Politik

Ethnische Säuberungen im Sudan In Darfur gibt es Anzeichen für einen weiteren Völkermord

00:00
Diese Audioversion wurde künstlich generiert. Mehr Infos
Viele Sudanesen sind in das Nachbarland Tschad geflohen - hier ein Flüchtlingslager nahe der Grenze zum Sudan.

Viele Sudanesen sind in das Nachbarland Tschad geflohen - hier ein Flüchtlingslager nahe der Grenze zum Sudan.

(Foto: picture alliance / AA)

In Sudans Hauptstadt Khartum wechseln sich Waffenruhen und schwere Kämpfe ab. Weniger im Fokus steht die sudanesische Region Darfur. Dort befürchten die Vereinten Nationen, dass ethnische Säuberungen begonnen haben.

Die Vereinten Nationen warnen vor einem drohenden Völkermord in der Region Darfur, im Westen des großen Landes. "Es zeichnet sich ein Muster groß angelegter gezielter Angriffe gegen Zivilisten aufgrund ihrer ethnischen Identität ab", erklärte der Chef der UN-Friedensmission im Sudan (UNITAMIS), Volker Perthes.

Die Übergriffe in Darfur werden nach UN-Angaben von arabischen Milizen und bewaffneten Männern in der Uniform der Rapid Support Force (RSF) begangen - jener Miliz, die auch in anderen Landesteilen seit April gegen die Armee kämpft. Die Berichte aus Darfur seien, so Perthes, "zutiefst besorgniserregend und könnten, wenn sie bestätigt werden, Verbrechen gegen die Menschlichkeit darstellen."

"Die Teufel auf Pferden"

Die Region Darfur im Westen Sudans ist schon seit Jahrzehnten ein Konfliktherd. In der abgelegenen, bergigen Region leben verschiedene Volksgruppen, die sich nicht der Herrschaft der arabischen Elite in der entfernten Hauptstadt Khartum unterstellen wollten. Sie formierten Widerstandsgruppen, die sich gegen die Zentralgewalt auflehnten. Um die Kontrolle über das Gebiet Darfur - immerhin so groß wie Spanien - nicht zu verlieren, hatte Sudans Ex-Diktator Omar al Baschir in den frühen Nullerjahren bewaffnete Reitermilizen aus Darfur in seine Dienste gestellt, worüber er indirekt die Herrschaft ausüben wollte. Sie wurden in der lokalen Sprache als "Dschandschaweed" bezeichnet, übersetzt: die Teufel auf Pferden.
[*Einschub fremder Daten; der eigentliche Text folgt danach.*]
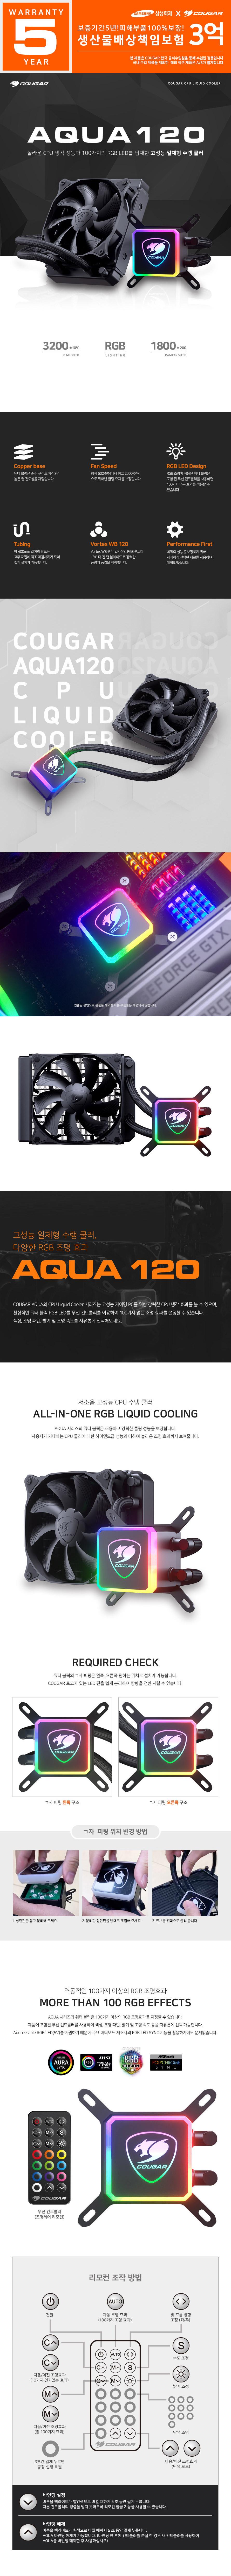 AQUA-120_1.jpg

Die Dschandschaweed galten lange Zeit als die brutalste Miliz Afrikas. Um den Widerstand der Bevölkerung zu brechen, gingen sie gezielt gegen Zivilisten vor. Es kam zu Angriffen auf Dörfer, zu Plünderungen und dem organisierten Einsatz sexueller Gewalt. Millionen Menschen wurden vertrieben. Internationale Menschenrechtsorganisationen sprachen sogar von einem gezielten Völkermord und wandten sich an den Internationalen Strafgerichtshof in Den Haag. Dieser erließ 2009 den ersten Haftbefehl gegen Sudans damaligen Präsidenten Baschir. Der Vorwurf: Völkermord in Darfur.

Anführer dieser Reitermilizen war General Mohammed Hamdan Daglo, besser bekannt unter seinem Kriegsnamen Hemedti. Als die einzelnen Milizen 2003 in den sogenannten Rapid Support Forces (RSF) reorganisiert wurden, wurde Hemedti ihr Kommandant. Damit stieg er in der Hierarchie der sudanesischen Streitkräfte auf. Heute führt er mit seinen rund 15.000 Soldaten seiner RSF-Miliz überall im Land Krieg gegen die reguläre Armee.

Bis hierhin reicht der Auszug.